Adaptive Label Smoothing for Out-of-Distribution Detection
Mingle Xu, Jaehwan Lee, Sook Yoon, Dong Sun Park
TL;DR
This paper addresses the poor OOD detection performance of models trained with standard label smoothing (LS) by showing that LS reduces the maximal probability and logits, causing overlap between known and unknown samples. It introduces Adaptive Label Smoothing (ALS), a regularization that keeps the maximal probability unconstrained while forcing non-maximal class probabilities to be equal, implemented as $\mathcal{L}_{ALS} = \mathcal{L}_{MPC} + \lambda \mathcal{L}_{NMPC}$ with $\mathcal{L}_{MPC} = H(\mathbf{y},\mathbf{p})$ and $\mathcal{L}_{NMPC} = \sqrt{\frac{1}{N-1} \sum_{i\neq k} (p_i - \bar{p})^2}$, where $k=\arg\max_i p_i$. Empirically, ALS improves both known-class accuracy and unknown-class discrimination across six datasets and multiple OOD score functions, demonstrating robustness across architectures and suggesting it as a plug-in technique for broader tasks.
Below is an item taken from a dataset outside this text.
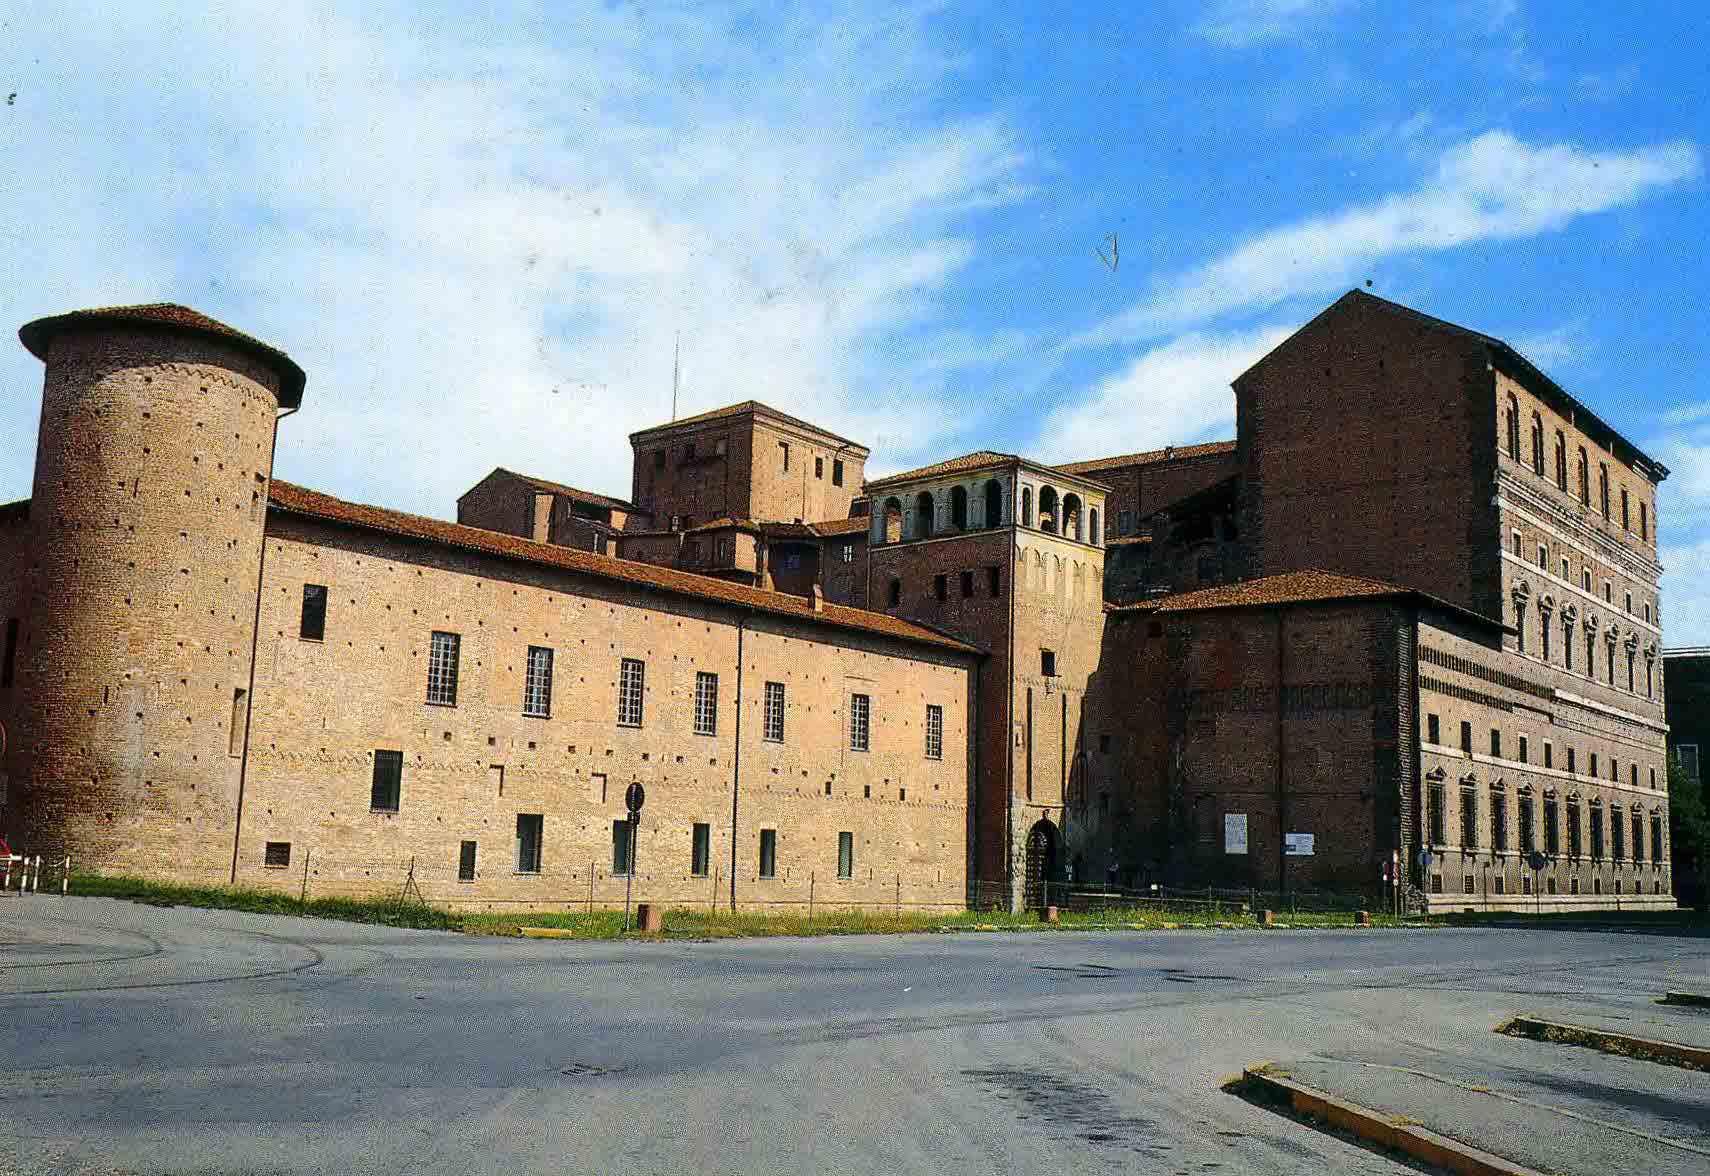 Incontrare Ragazze A Piacenza Usato – buddhahaus-stuttgart.de

The results indicate that de-emphasizing the fixed targets for non-true classes while preserving a flexible max-probability target yields clearer margins between known and unknown samples, enhancing practical OOD detection performance.
Abstract
Out-of-distribution (OOD) detection, which aims to distinguish unknown classes from known classes, has received increasing attention recently. A main challenge within is the unavailable of samples from the unknown classes in the training process, and an effective strategy is to improve the performance for known classes. Using beneficial strategies such as data augmentation and longer training is thus a way to improve OOD detection. However, label smoothing, an effective method for classifying known classes, degrades the performance of OOD detection, and this phenomenon is under exploration. In this paper, we first analyze that the limited and predefined learning target in label smoothing results in the smaller maximal probability and logit, which further leads to worse OOD detection performance. To mitigate this issue, we then propose a novel regularization method, called adaptive label smoothing (ALS), and the core is to push the non-true classes to have same probabilities whereas the maximal probability is neither fixed nor limited. Extensive experimental results in six datasets with two backbones suggest that ALS contributes to classifying known samples and discerning unknown samples with clear margins. Our code will be available to the public.